On Tue, Mar 15, 2022 at 04:01:45PM +0800, zhanchengbin wrote:
> If the system crashes when a file is being truncated, we will get a
> problematic inode,
> and it will be added into fs->super->s_last_orphan.
> When we run `e2fsck -a img`, the s_last_orphan list will be traversed and
> deleted.
> During this period, orphan inodes in the s_last_orphan list with
> i_links_count==0 can
> be deleted, and orphan inodes with i_links_count !=0 (ex. the truncated
> inode)
> cannot be deleted. However, when there are some orphan inodes with
> i_links_count !=0,
> the EXT2_VALID_FS is still assigned to fs->super->s_state, the deeper
> checkers are skipped
> with some inconsistency problems.

That's not supposed to happen. We regularly put inodes on the orphan
list when they are being truncated so that if we crash, the truncation
operation can be completed as part of the journal recovery and remount
operation. This is true regardles sof whether the recovery is done by
e2fsck or by the kernel.

If a crash during a truncate leads to an inconsistent file system
after the file system is mounted, or after e2fsck does the journal
replay and orphan inode list processing, that's a kernel bug, and we
should fix the bug in the kernel.

Do you have a reliable reproducer for this situation?

Thanks,

- Ted

2022-03-18 10:48:38

by zhanchengbin

[permalink] [raw]
Subject: Re: e2fsck: do not skip deeper checkers when s_last_orphan list has truncated inodes



在 2022/3/16 1:54, Theodore Ts'o 写道:
> On Tue, Mar 15, 2022 at 04:01:45PM +0800, zhanchengbin wrote:
>> If the system crashes when a file is being truncated, we will get a
>> problematic inode,
>> and it will be added into fs->super->s_last_orphan.
>> When we run `e2fsck -a img`, the s_last_orphan list will be traversed and
>> deleted.
>> During this period, orphan inodes in the s_last_orphan list with
>> i_links_count==0 can
>> be deleted, and orphan inodes with i_links_count !=0 (ex. the truncated
>> inode)
>> cannot be deleted. However, when there are some orphan inodes with
>> i_links_count !=0,
>> the EXT2_VALID_FS is still assigned to fs->super->s_state, the deeper
>> checkers are skipped
>> with some inconsistency problems.
>
> That's not supposed to happen. We regularly put inodes on the orphan
> list when they are being truncated so that if we crash, the truncation
> operation can be completed as part of the journal recovery and remount
> operation. This is true regardles sof whether the recovery is done by
> e2fsck or by the kernel.

Yes, you are right.
Truncated has been completed,and file ACL has been set to zero in
release_inode_blocks(), but the i_blocks was not subtracted acl blocks.
So i_blocks is inconsistent。
Li Jinlin sent a patch yesterday to fix it.

>
> If a crash during a truncate leads to an inconsistent file system
> after the file system is mounted, or after e2fsck does the journal
> replay and orphan inode list processing, that's a kernel bug, and we
> should fix the bug in the kernel.
>
> Do you have a reliable reproducer for this situation?
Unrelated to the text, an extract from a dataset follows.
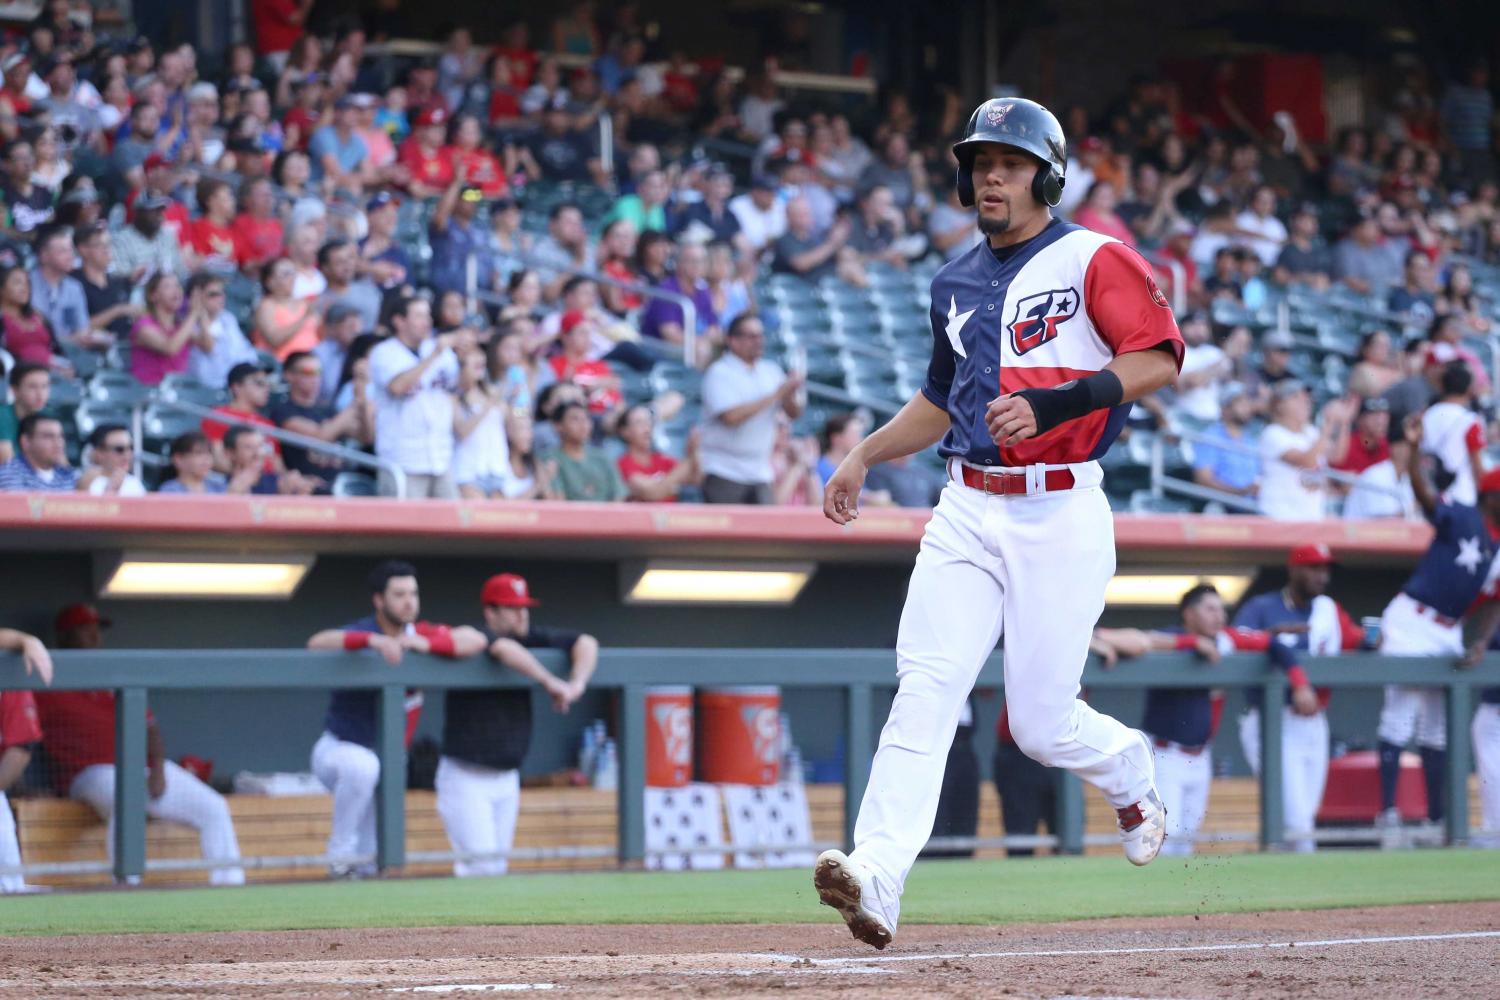 Chihuahuas+prevail+in+high+scoring+win+over+the+Grizzlies
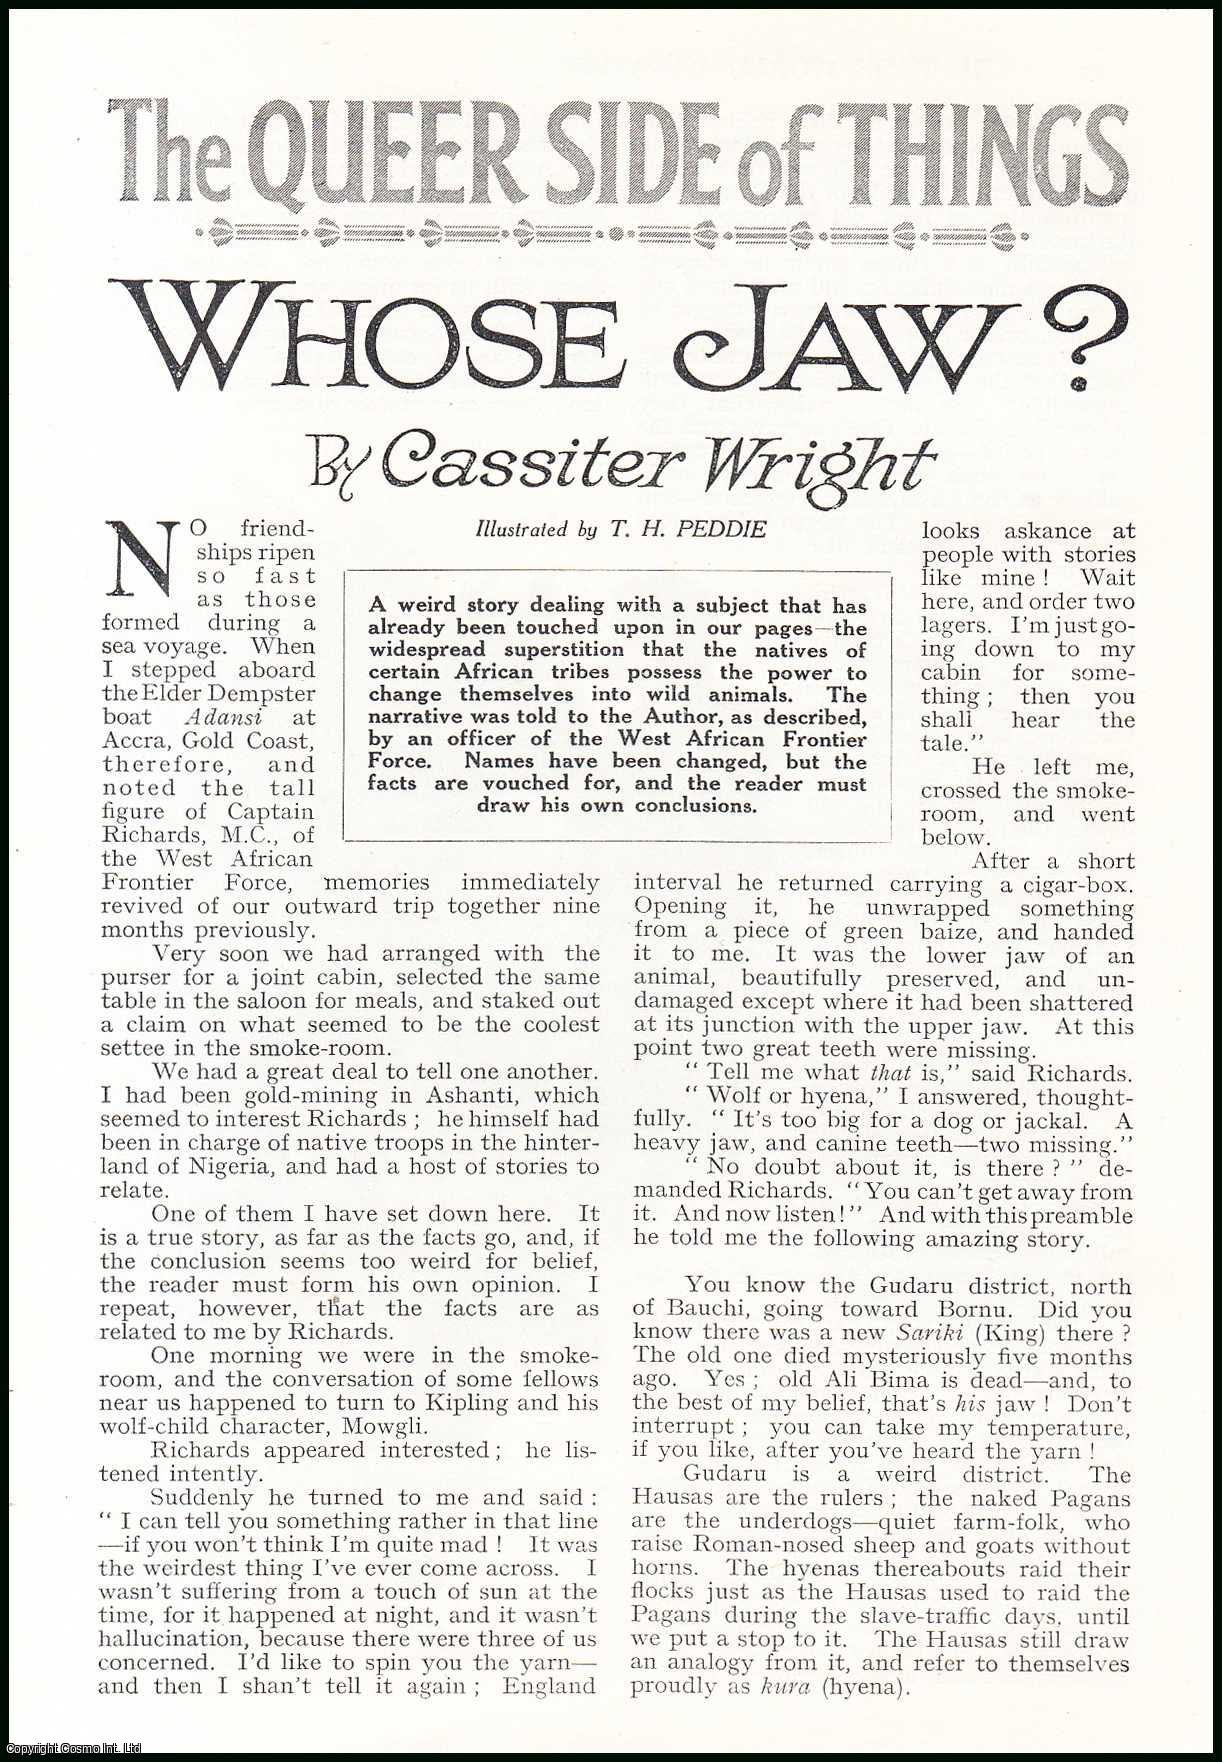 Cassiter Wright. Illustrated by T.H. Peddie. - Whose Jaw ? A story of the Natives of certain African Tribes possess the Power to change themselves into Wild Animals. An uncommon original article from the Wide World Magazine, 1931.

I have a reproducer but it is not necessarily:
#!/bin/bash
disk_list=$(multipath -ll | grep filedisk | awk '{print $1}')

for disk in ${disk_list}
do
mkfs.ext4 -F /dev/mapper/$disk
mkdir ${disk}
done

function err_inject()
{
iscsiadm -m node -p 127.0.0.1 -u &> /dev/null
iscsiadm -m node -p 127.0.0.1 -l &> /dev/null
sleep 1
iscsiadm -m node -p 9.82.236.206 -u &> /dev/null
iscsiadm -m node -p 9.82.236.206 -l &> /dev/null
sleep 1

iscsiadm -m node -p 127.0.0.1 -u &> /dev/null
iscsiadm -m node -p 127.0.0.1 -l &> /dev/null
iscsiadm -m node -p 9.82.236.206 -u &> /dev/null
iscsiadm -m node -p 9.82.236.206 -l &> /dev/null
sleep 1
}



count=0
while true
do
((count=count+1))
for disk in ${disk_list}
do
while true
do
mount -o data_err=abort,errors=remount-ro /dev/mapper/$disk
$disk && break
sleep 0.1
done
nohup fsstress -d $(pwd)/$disk -l 10 -n 1000 -p 10 &>/dev/null &
done

sleep 5

for disk in ${disk_list}
do
dm=$(multipath -ll | grep -w $disk | awk '{print $2}')
aqu_sz=$(iostat -x 1 -d 2 | grep -w $dm | tail -1 | awk '{print
$(NF-1)}')
util=$(iostat -x 1 -d 2 | grep -w $dm | tail -1 | awk '{print
$NF}')
#if [ "${aqu_sz}" == "0.00" -o "$util" == "0.00" ];then
# iostat -x 1 -d 2
# exit 1
#fi
mount | grep $disk | grep '(ro' && exit 1
done

err_inject

while [ -n "`pidof fsstress`" ]
do
sleep 1
done

for disk in ${disk_list}
do
umount $disk
dm=$(multipath -ll | grep -w $disk | awk '{print $2}')
aqu_sz=$(iostat -x 1 -d 2 | grep -w $dm | tail -1 | awk '{print
$(NF-1)}')
util=$(iostat -x 1 -d 2 | grep -w $dm | tail -1 | awk '{print
$NF}')
if [ "${aqu_sz}" != "0.00" -o "$util" != "0.00" ];then
iostat -x 1 -d 2
exit 1
fi

dd bs=1M if=/dev/mapper/$disk of=/root/dockerback

fsck.ext4 -a /dev/mapper/$disk
ret=$?
if [ $ret -ne 0 -a $ret -ne 1 ]; then
exit 1
fi

fsck.ext4 -fn /dev/mapper/$disk
ret=$?
if [ $ret -ne 0 ]; then
exit 1
fi
done

if [ $count -gt 5 ];then
echo 3 > /proc/sys/vm/drop_caches
sleep 1
cat /proc/meminfo >> mem.txt
echo "" >> mem.txt
slabtop -o >> slab.txt
echo "" >> slab.txt
count=0
fi
done

>
> Thanks,
>
> - Ted
> .
>